Recently, an anonymous source wrote TSB and asked that we pose the following question; "has anyone in TSB Nation (doctors are you listening) heard any complaints regarding a high incidence of peroneal neuralgia's following a 1-level fusion utilizing the StaXX cage in conjunction with an ISPD? It seems that there have been reports of patient complaining of a burning sensation on the foot and lower leg. Could the possibility be that the nerve-root is being overstretched? TSB wants to know what our readers have heard. You know what Linda Richman of Coffee Talk use to say; "Talk amongst yourselves." Or you can call in on 555-4444.

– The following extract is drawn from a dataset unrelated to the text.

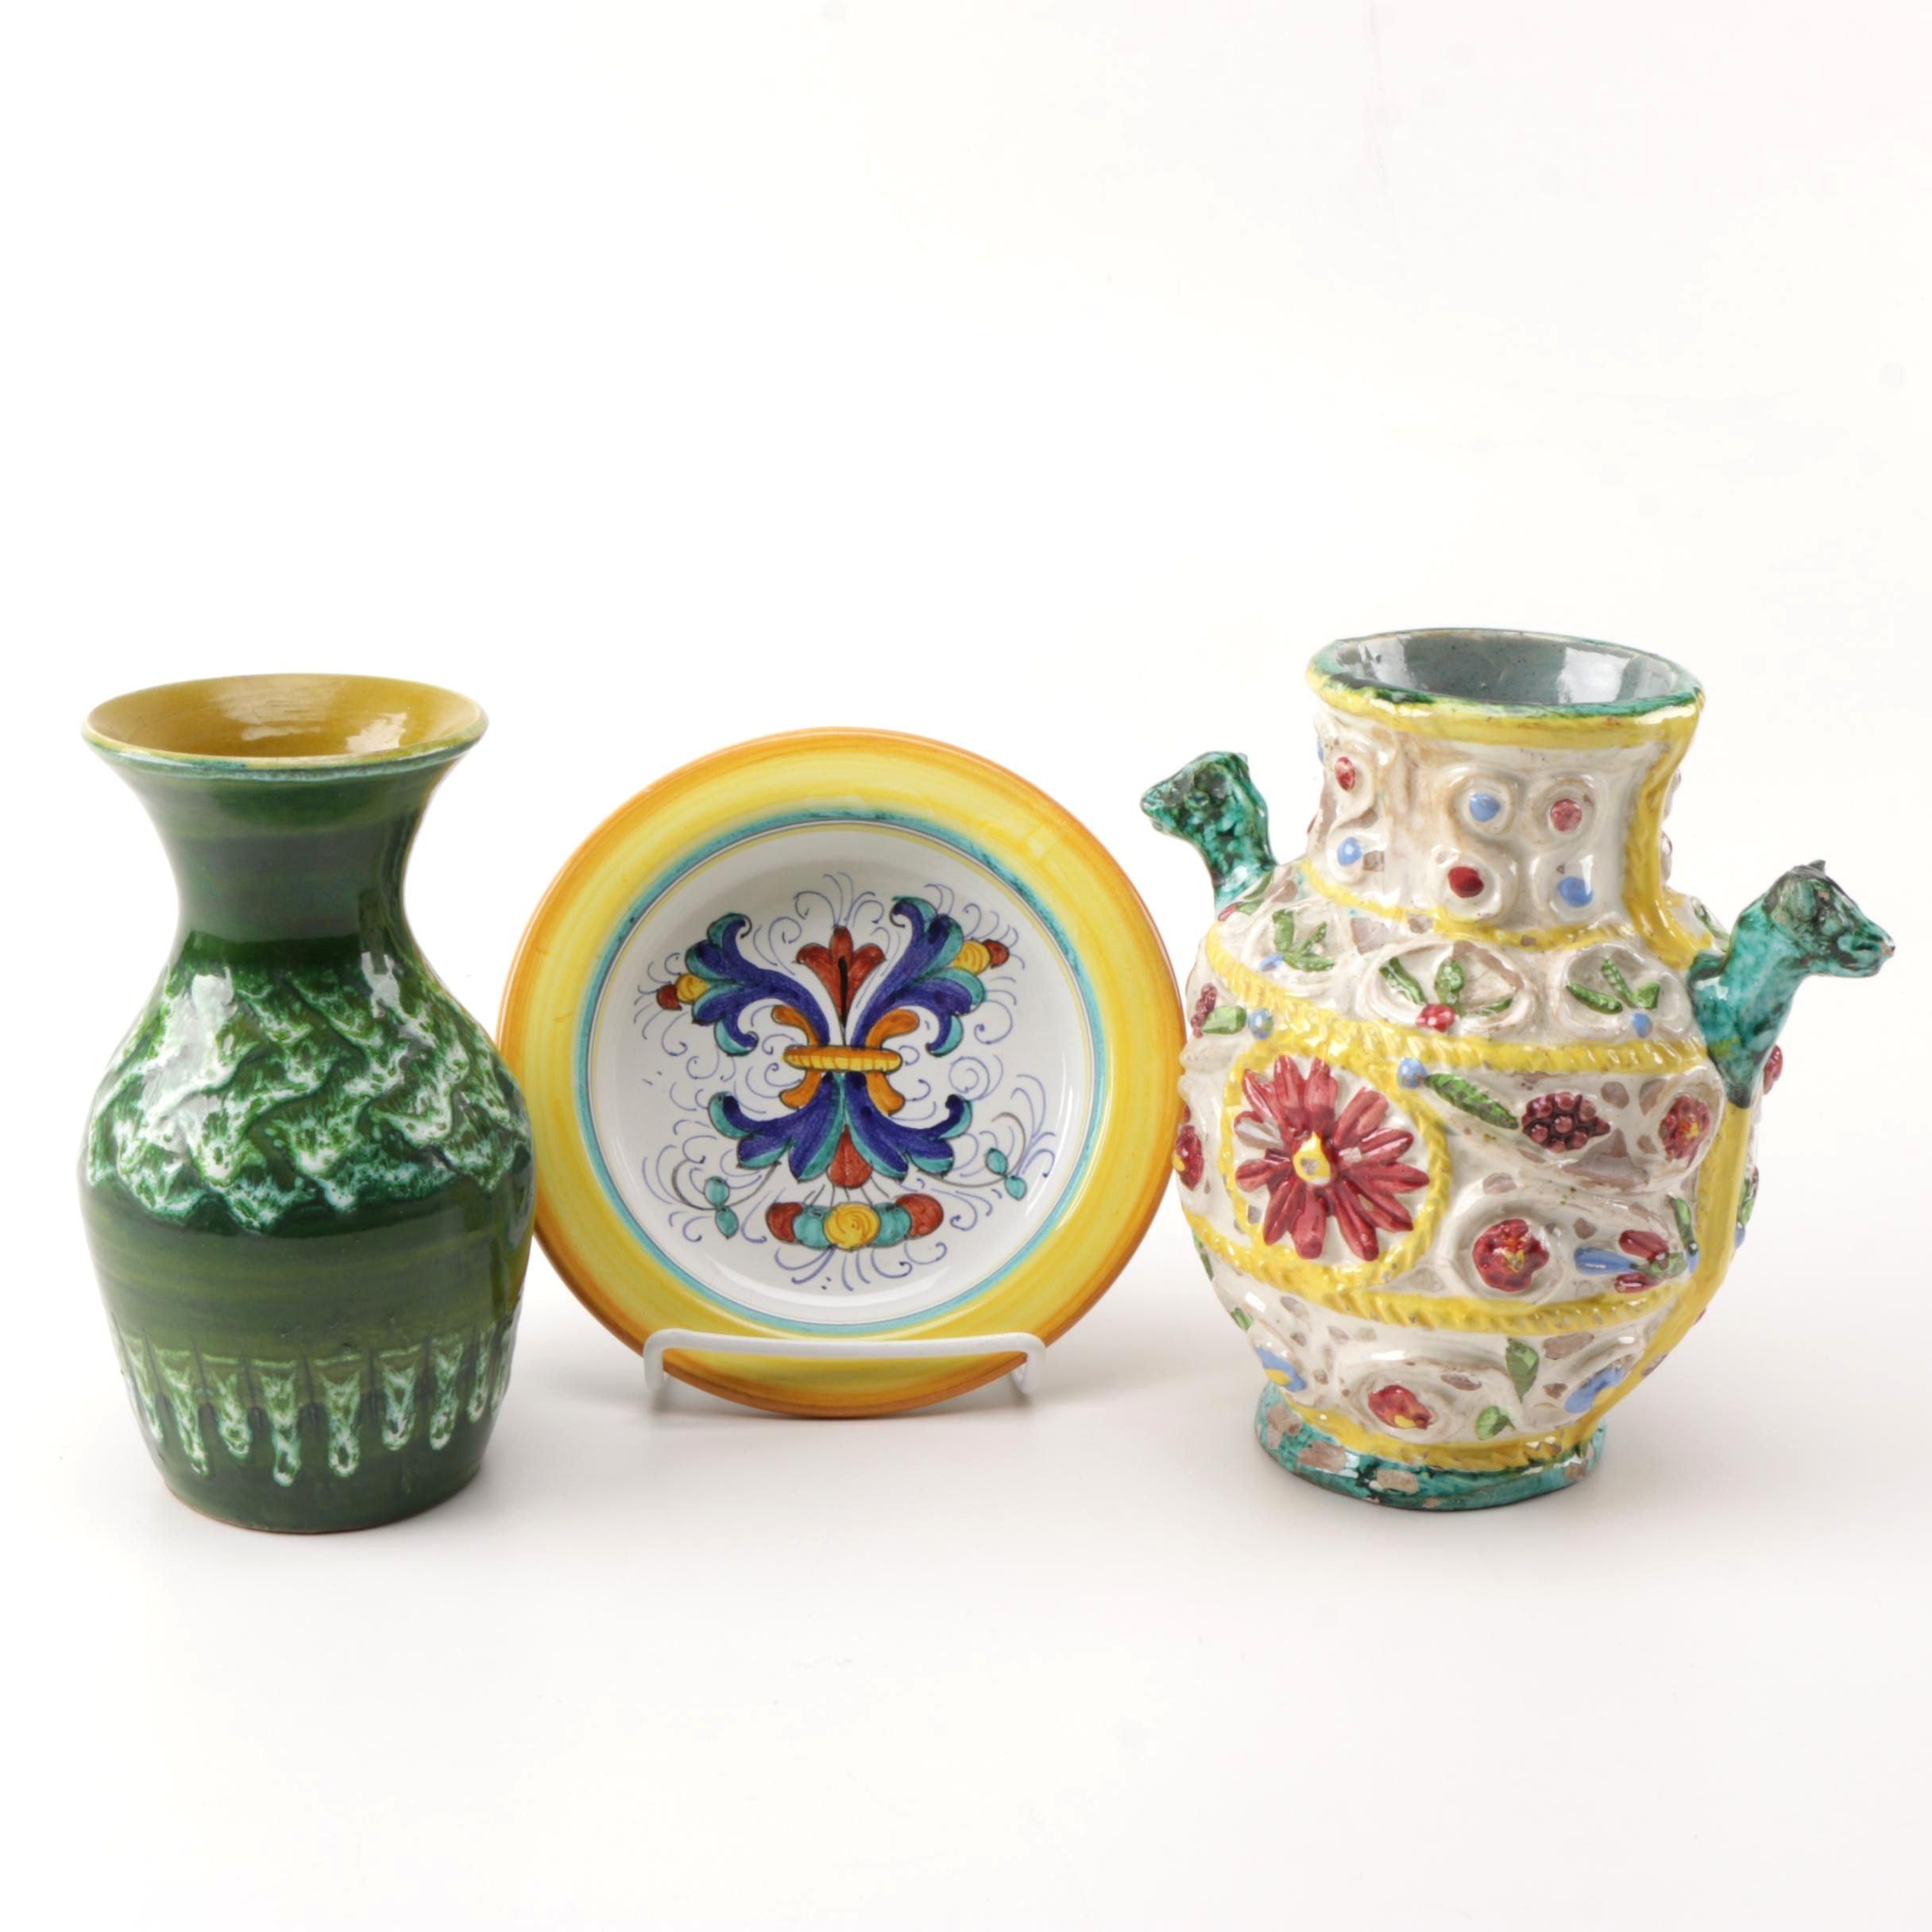 Collection of Italian Handmade Pottery
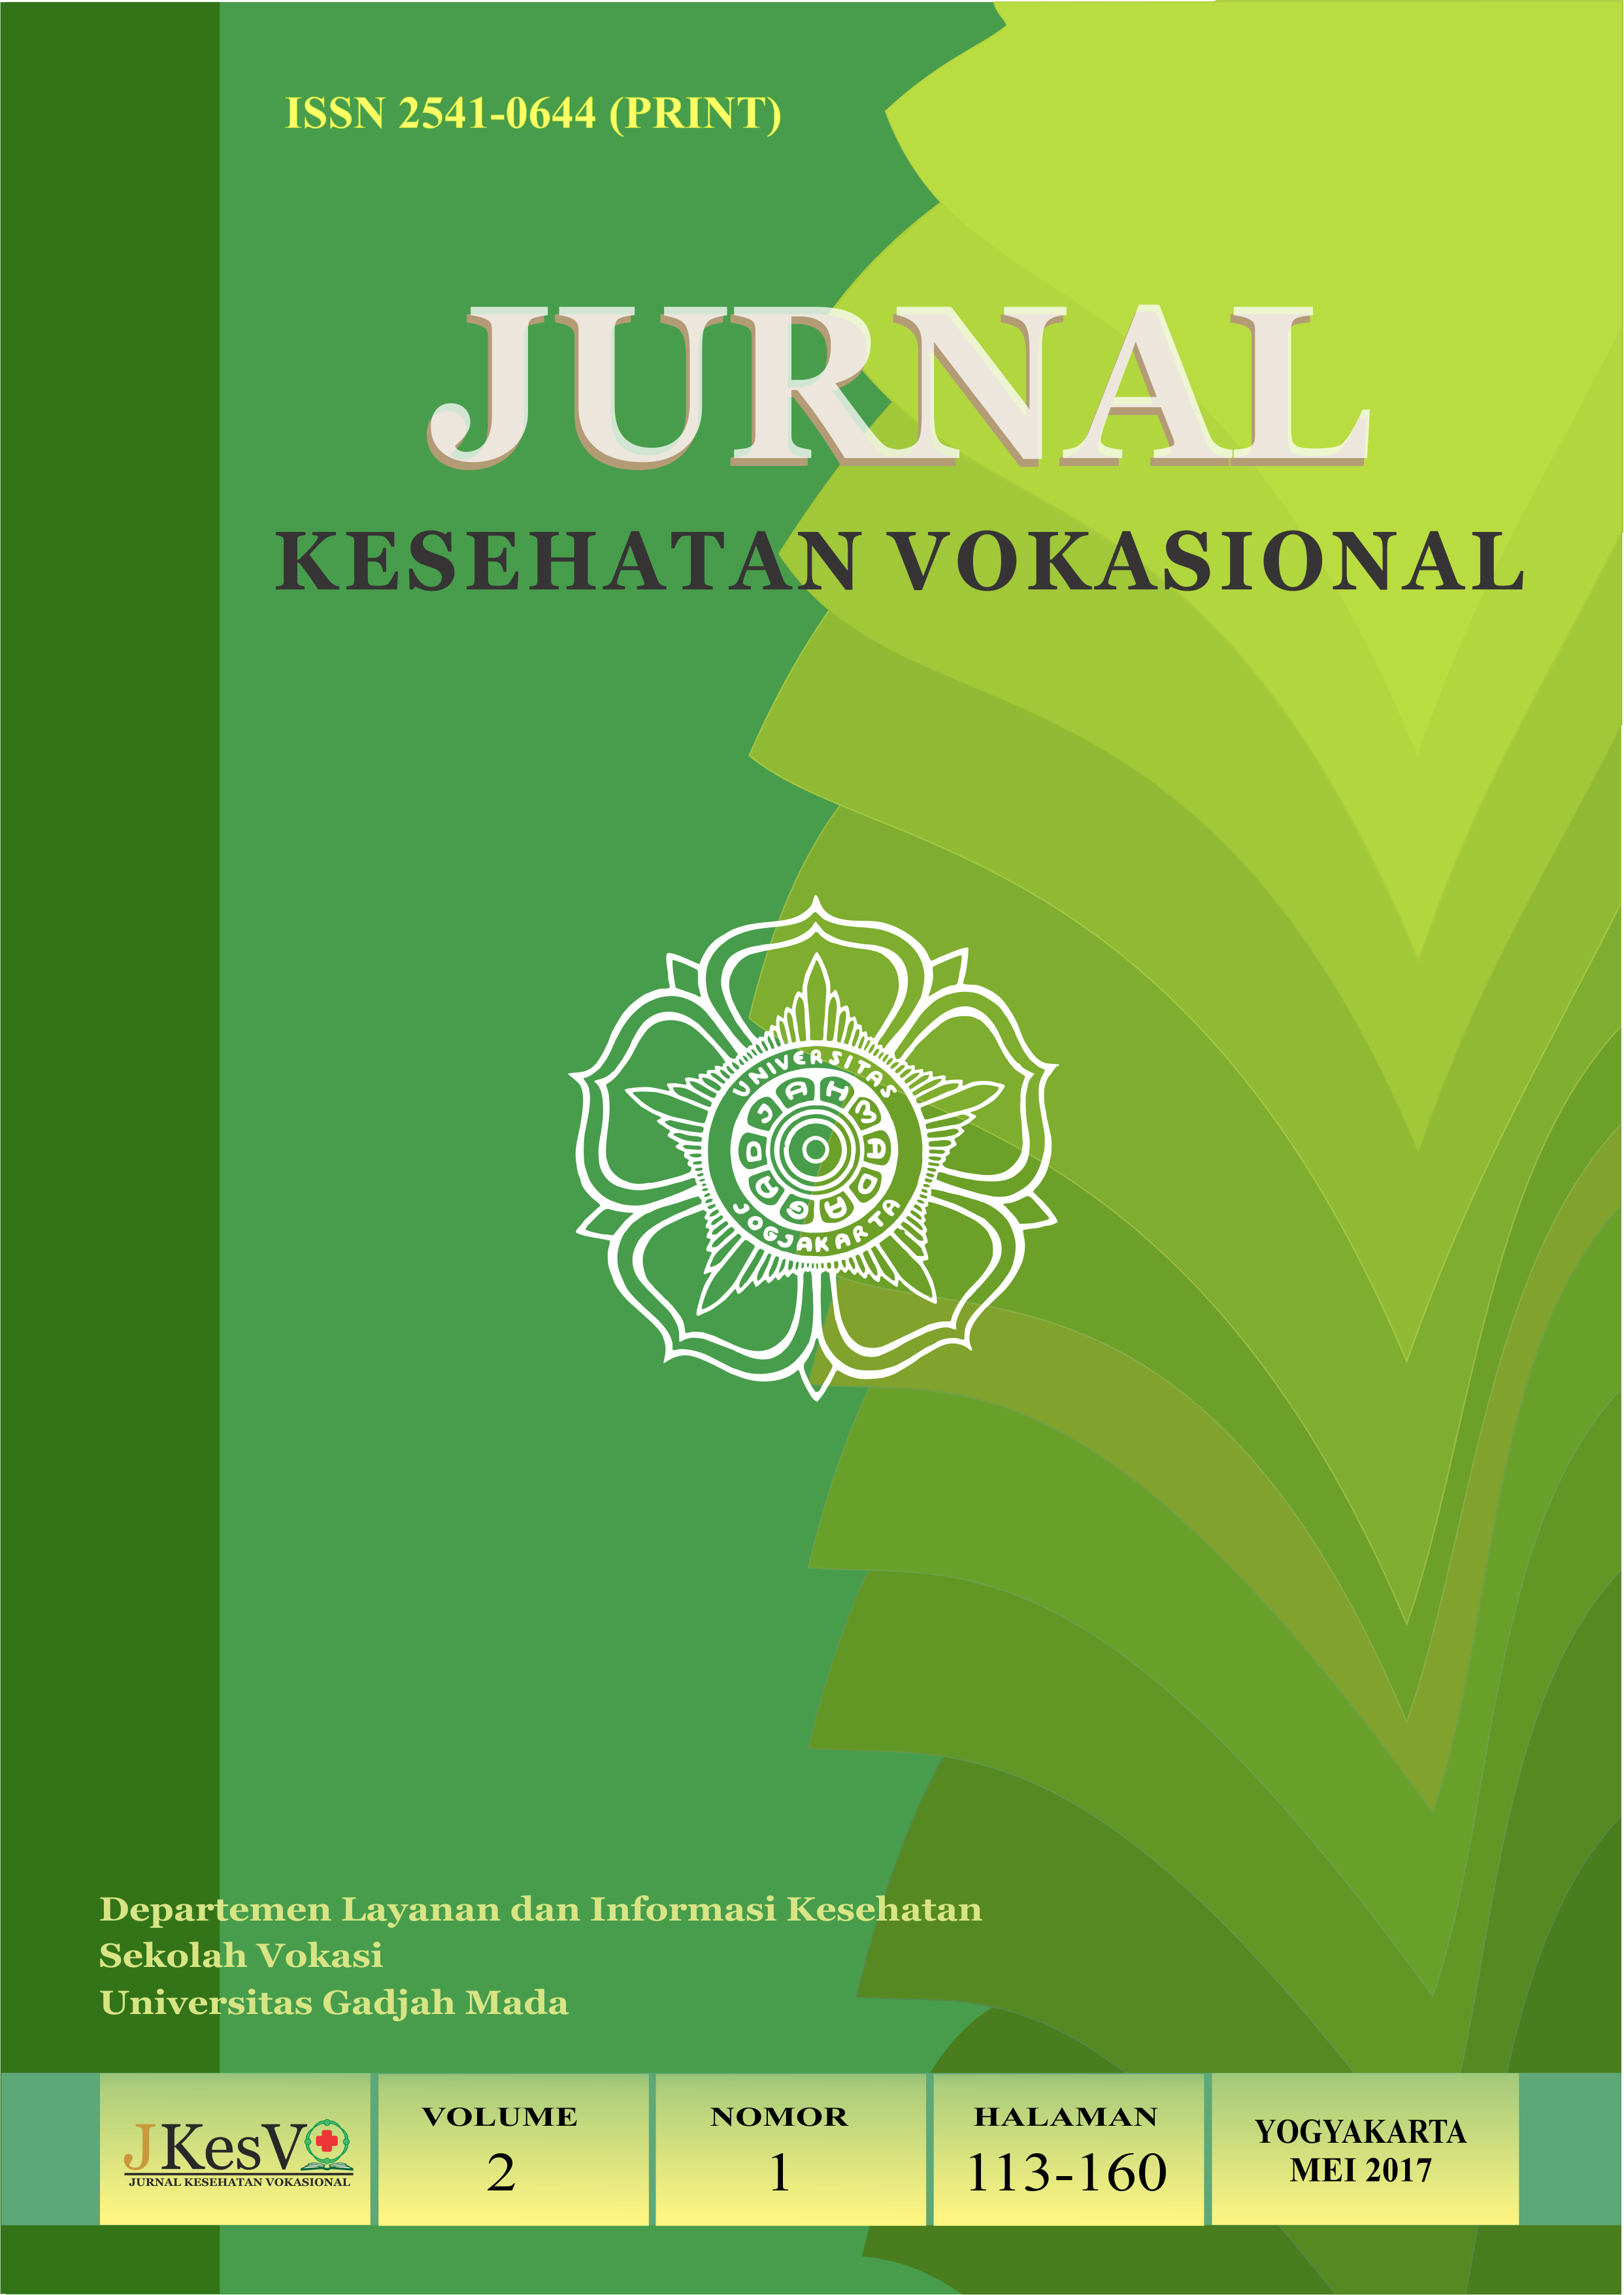 Cover Volume 2 No. 1

Another One Bites the Dust?

Spine Nation:

Rumors are swirling, if not accurate, that Hydrocision is no longer the Hydrocision we've come to know and love. It has been reported that the company, and whatever technology remains, was acquired by an outside group of investors. What is more troubling is the fact that this transaction lacked the pomp and circumstance that many in the industry anticipated. Seems like the well must have finally dried up for a once promising product. If true, TSB wonders how bad was the multiple on a company that probably generated $3-$5 million in sales, and TSB is being generous with those figures. And that my friends is revenue after five years.

In all likelihood, it was a fire sale. Fire sales are usually preceded by constant turnover in management, downsizing, a lack of operating capital, and lack of direction. Just look at the website, there really hasn't been any activity or maintenance on their site since 2009. The patient lingered for many years battling financial, clinical, and reimbursement issues. Maybe there will be some lessons learned, but then again, that would be wishful thinking. As Einstein once said, the definition of insanity is doing the same thing over and over while expecting different results. If the Board was providing oversight, it should return its Board Fees. Sometimes it makes you wonder.

"Are you happy, are you satisfied, How long can you stand the heat, Out of the doorway the bullets rip, to the sound of the beat,.....Another one bites the dust, Another one bites the dust."

Friday, August 6, 2010

Bacterin: The Company that take a Lickin' and Keeps on Tickin'

Dear Department of Justice:

From the Bacterin Website, click on Healthcare Professionals, scroll down to Opportunities and click on that:

"Bacterin has assembled a vast group of surgeons from throughout the country to assist us with training other surgeons on Bacterin products, working with research and development personnel to develop new products, and providing consultation as requested. We have established an excellent core of surgeons, each with extensive expertise in their respective areas including Foot and Ankle, Spine/Neurosurgery, Sports Medicine and general orthopedics which will cover trauma, oncology and pediatric disciplines.

If you are interested in being a consultant for the company or performing a clinical study utilizing Bacterin products, you know what Bob Barker use to say, Come on down."

Oh, and by the way we raised, $9.2 million dollars to expand the sales forces and to use as working capital.

Spine Nation: I don't believe I have ever seen anything as brazen as this, what do our readers think?